INPUT =>
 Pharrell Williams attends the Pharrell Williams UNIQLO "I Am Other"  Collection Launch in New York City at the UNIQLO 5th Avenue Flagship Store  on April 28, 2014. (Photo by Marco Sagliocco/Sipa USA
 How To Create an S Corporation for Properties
...
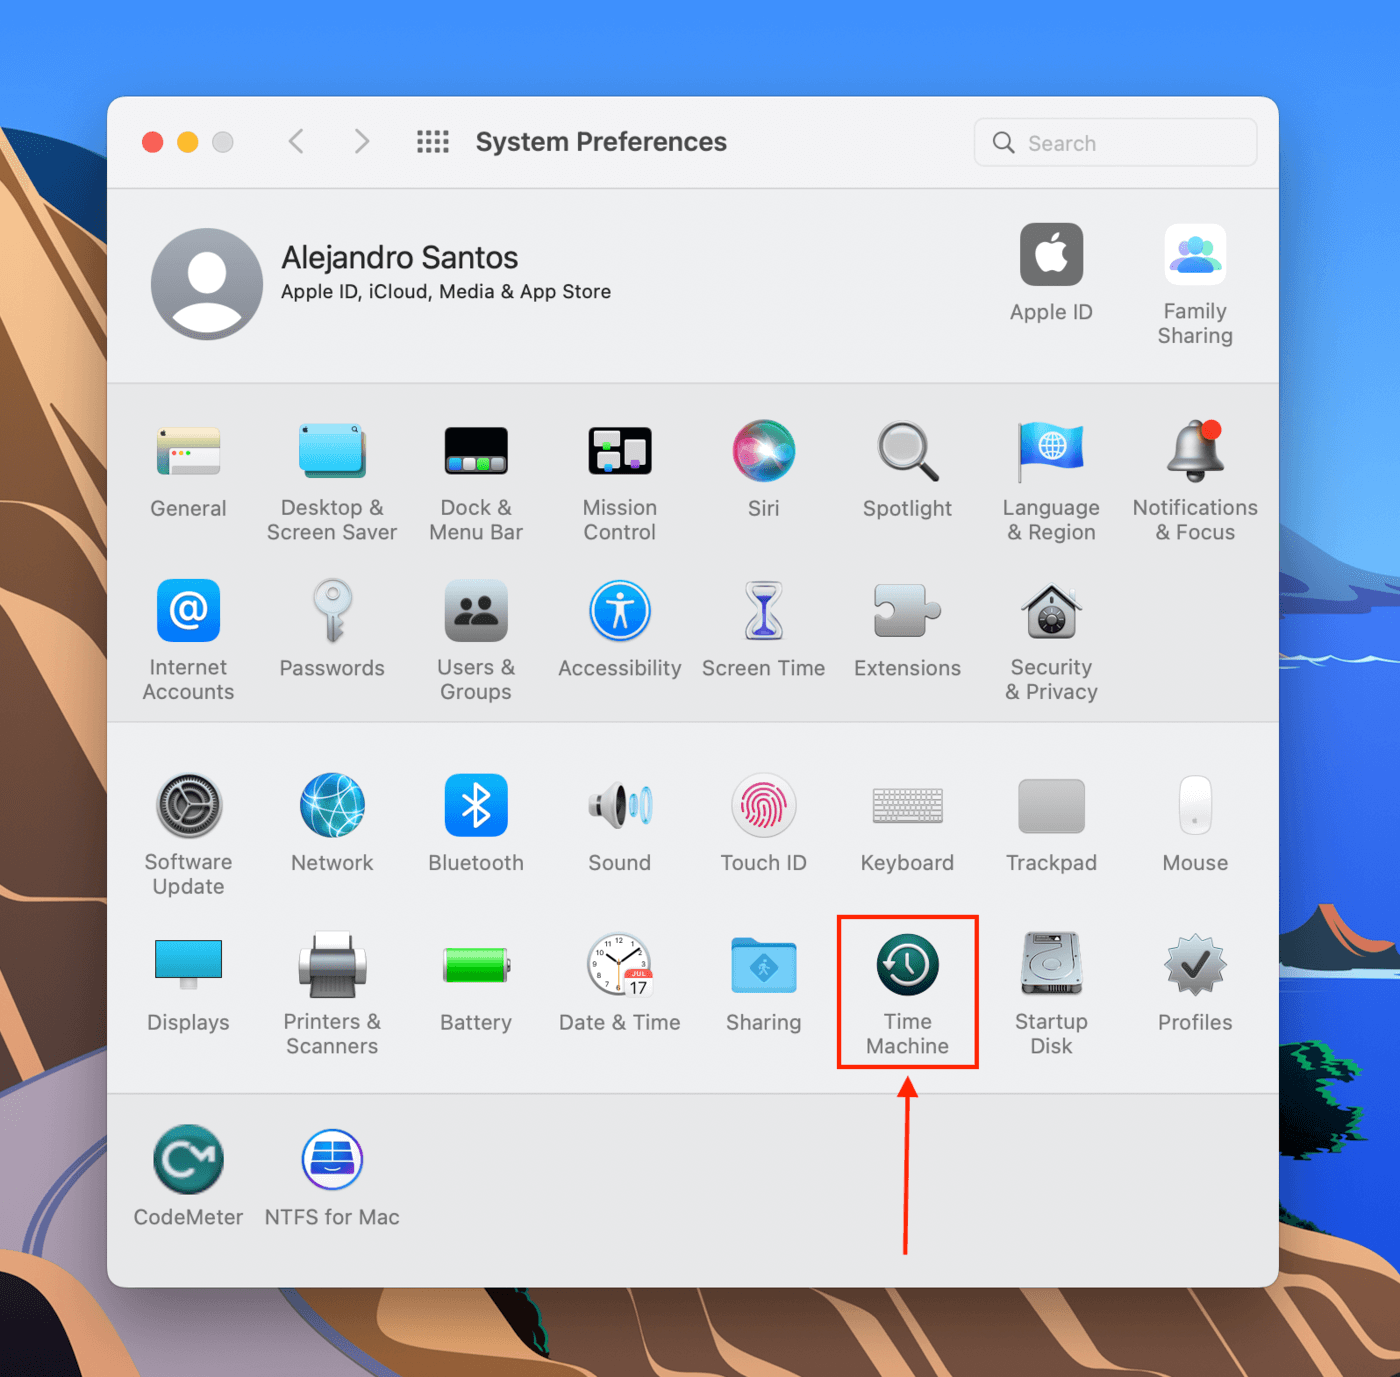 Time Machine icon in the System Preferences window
==
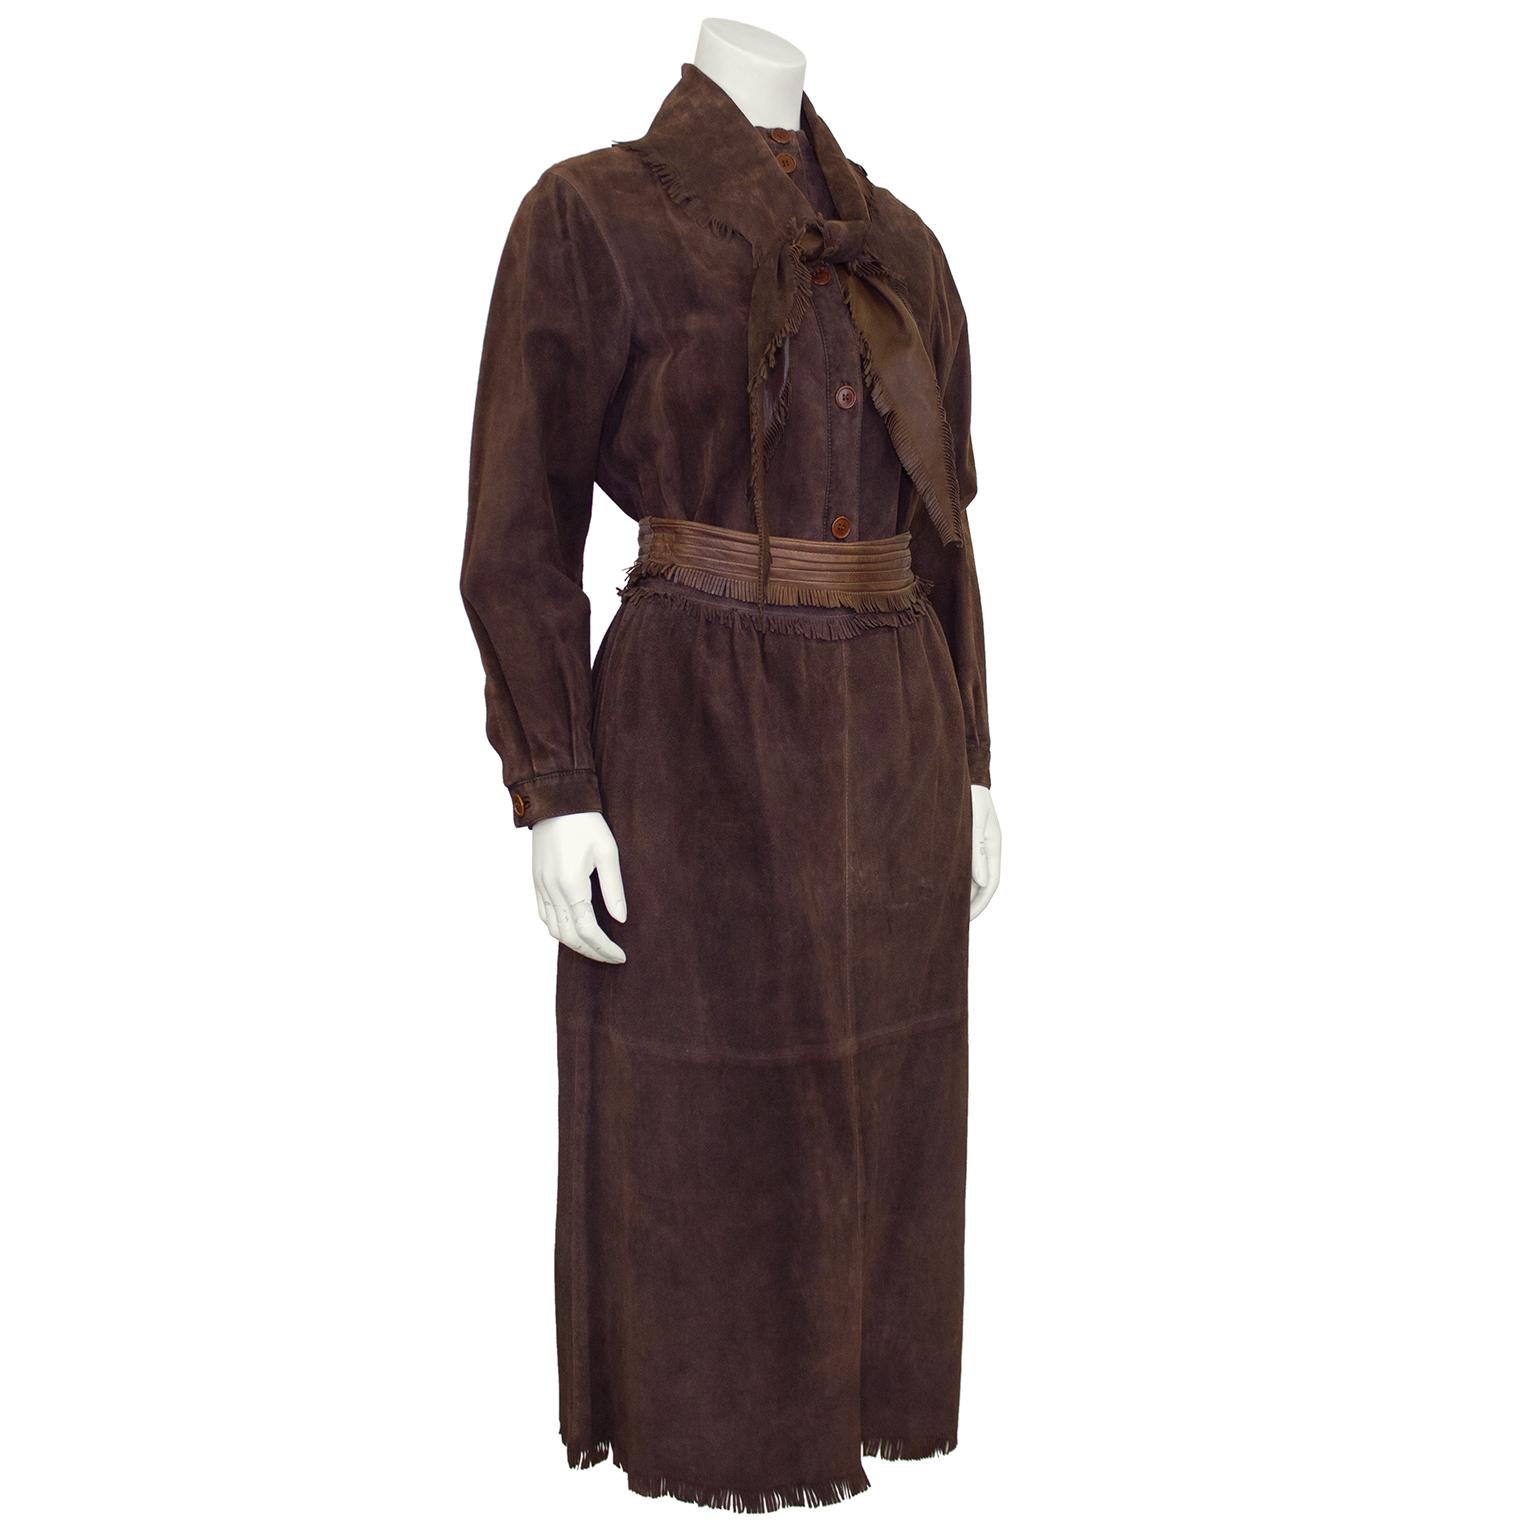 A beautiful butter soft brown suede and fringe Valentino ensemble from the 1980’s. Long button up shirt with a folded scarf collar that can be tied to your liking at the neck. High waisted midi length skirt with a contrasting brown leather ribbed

WHAT YOU ARE ASKED TO DO =>
There is a run of lines above from the one with "Pharrell Williams attends" to the one with "How To Create"; print exactly that run, both ends included, and nothing else.

RESPONSE =>
 Pharrell Williams attends the Pharrell Williams UNIQLO "I Am Other"  Collection Launch in New York City at the UNIQLO 5th Avenue Flagship Store  on April 28, 2014. (Photo by Marco Sagliocco/Sipa USA
 How To Create an S Corporation for Properties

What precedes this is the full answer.